The Annual Review: How Are You Doing?
Happy birthday, Higher Ground. Yep, this month, my first company marks its first year of business. It’s an effort that has offered me a lot of happiness and extreme challenge; something that’s let me help others, yet still take care of both my expenses and sanity. However much work I did to create this, I often think: “How lucky am I??” My work is a privilege. Not many people can say that.
The end of this 12-month period marks a perfect time to do an Annual Review. Forget financials, though. I’m talking intangibles: the emotional and other components that make up a business’ success and failure.
Of course, this applies to you, too.
Maybe you don’t manage a business, but you do manage your own life. How often do you take time out to really look around, be mindful, and evaluate how you’re doing? Do you know who and what rocks your world, moving you forward? What sucks the life out of you, potentially sabotaging your success?
If you don’t know, wouldn’t it be easier to catapult forward on your journey if you did?
As part of my Annual Review, I took 10 minutes, one large Post-It note, and asked myself those questions.
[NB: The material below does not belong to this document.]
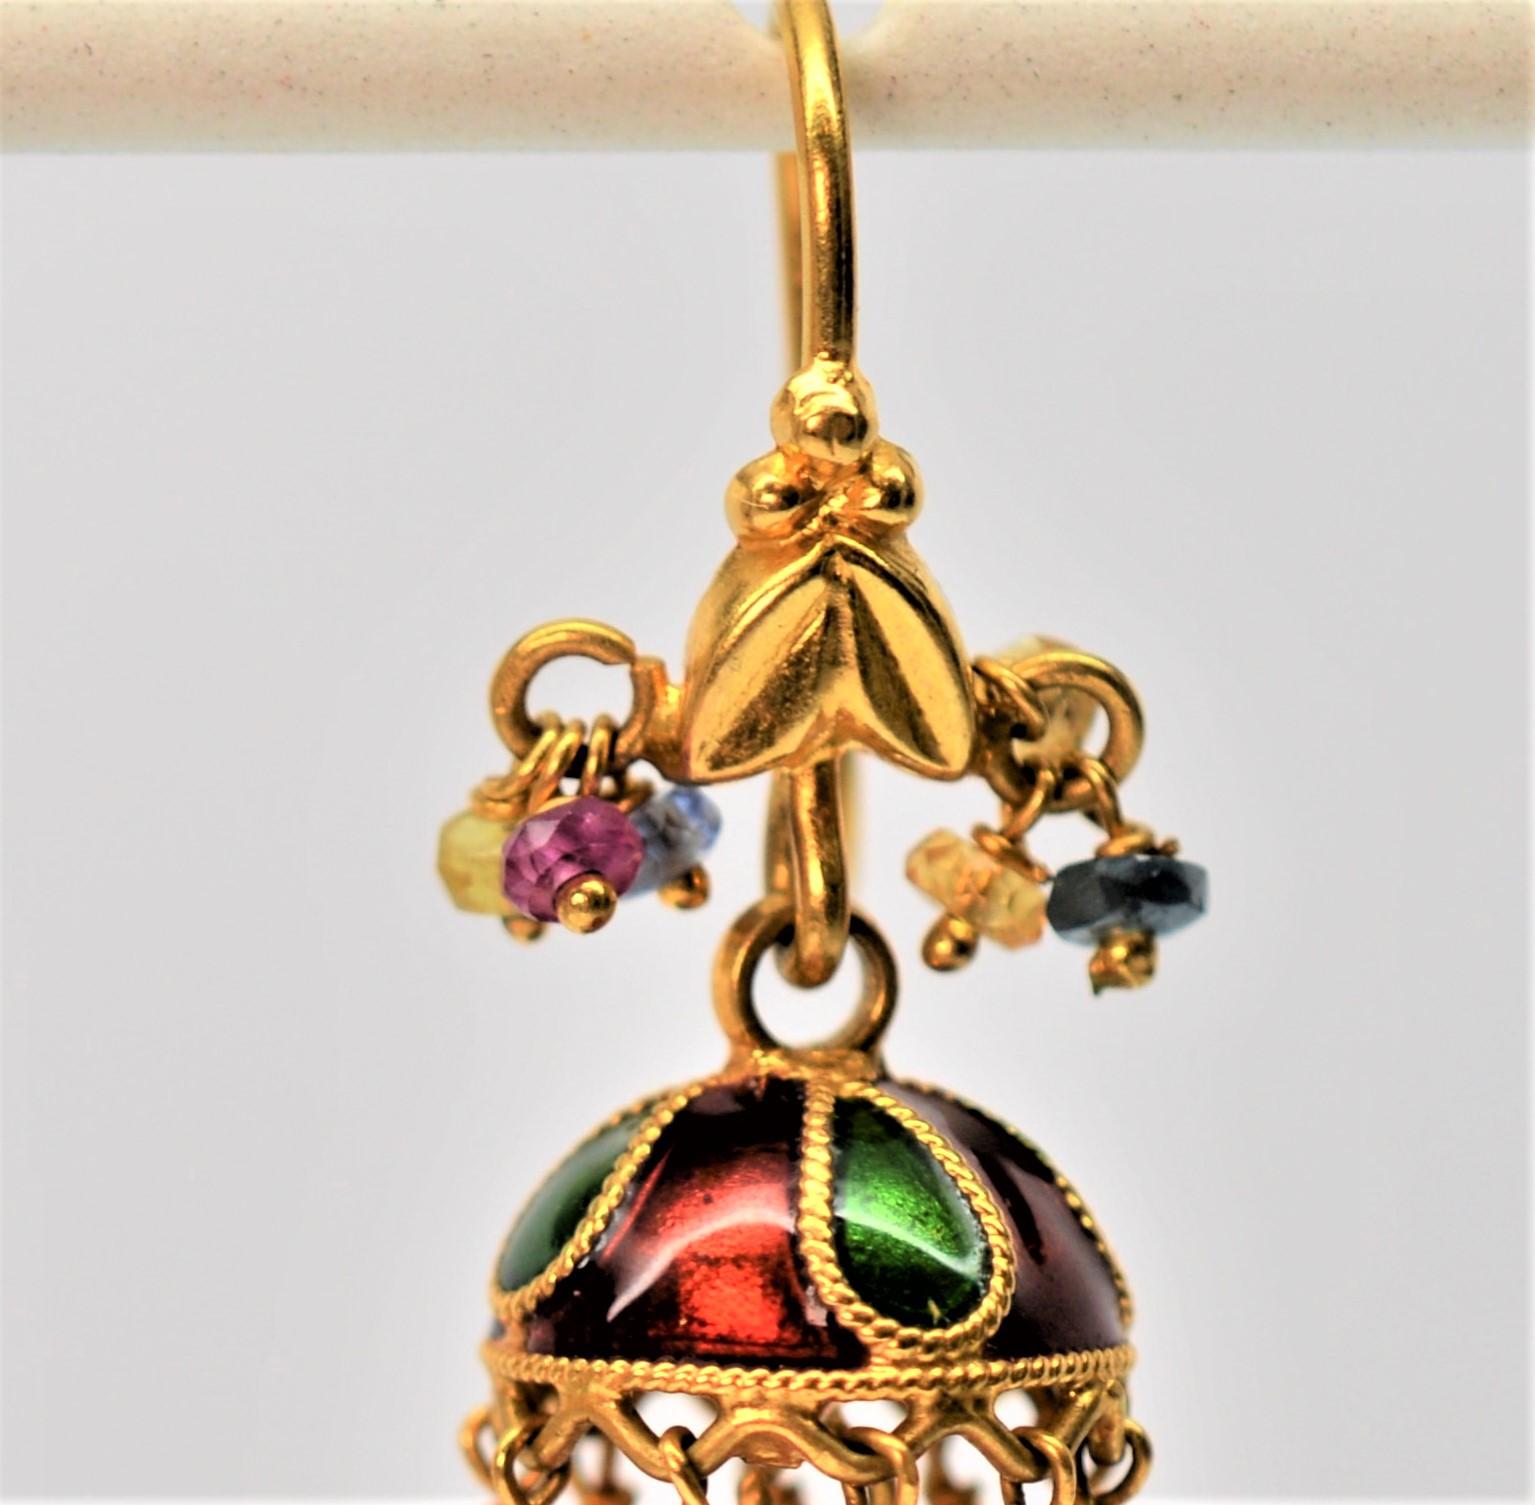 Artisan 22 Karat Yellow Gold Emerald and Ruby Earrings with Enamel Accents

Here’s what came up for me:
Things that rock
- Connection to my incredible community. I stay connected with family and friends who celebrate my highs, soften my falls, listen to my rambling ideas, and otherwise brainstorm, counsel, assist, comfort and support me. Included here are fellow lifechangers — like Jonathan, Chris, Jenny, Shelley and Pam — whose ass-kicking encouragement reminds me that giving up is an option, but usually not a solution.
- My core-building, care-taking practice. Even with my community, I still set aside time alone to take care of myself. I do my yoga, write, meditate. Sometimes I take spontaneous trips out of town (or state, or country), and I’ve been known to eat a cupcake for breakfast. All helpful parts of my whole.
- Prioritizing and procrastinating. I tend to prioritize too many things (as if you can even have 8 “top priorities” in a day). So, this year, I’ve practiced hard at procrastinating instead of prioritizing. Putting less important, “B” and “C” priority things aside usually ups my productivity.
- Coffee in the a.m. + wine in the p.m. I never said motivation had to be deep. I often wonder why an awesome cup of morning coffee (even decaf) can have such a positive impact on my day, or a great glass of red can make reviewing my financials easier in the evening. It’s like meditation: I don’t know how it works, but I don’t really care. In a practically Pavlovian way, these things make me happy, and that’s good enough.
- Just going with it. One of the biggest ways I’ve survived this year is by just getting out there. Just showing up at that event, just teaching that client, just hitting “send.” By taking the risks, over and over, the process became a smidge softer, a little less intimidating.
- Putting fear on paper. When I’m overwhelmed or afraid, I write it down. I list specifics: what it looks like in my mind, feels like in my heart, sounds like in my head. Then, I literally “face my fears” by reviewing the dissections and seeing how they stand up. So far, I’ve won those contests.
Things that suck
- Toxic Overload. Too much of a “bad” thing. It could be too much alcohol, sugar, or time with people or situations that no longer serve me. Sometimes I make excuses to keep at it, just so I can avoid the sting of change. But that’s always temporary, and I always feel better afterward.
- Not investing in appropriate help. Seeking out wiser ones is often a wise move. One of my biggest business mistakes this year is so common it’s a cliche: I didn’t hire a bookkeeper. Did I figure my financials out myself anyway? Yeah. Was it a good time? Yeah right.
Now, truth be told, my former Type A personality really, really wants to come up with four more items on the “things that suck” side, but I still think it’s pretty good for 10 minutes. I hope it offers a little insight.
So how about you? What’s on your Lists?
Look around, inside and outside of yourself, and see what’s going on. Take notes. Keep it honest, vulnerable, open. Honor your experiences with acceptance and humility. Then, do the math: increase the things that give you a push, and decrease the things that get in your way. And when you start feeling the upswing of your action, celebrate. Maybe even with a breakfast cupcake.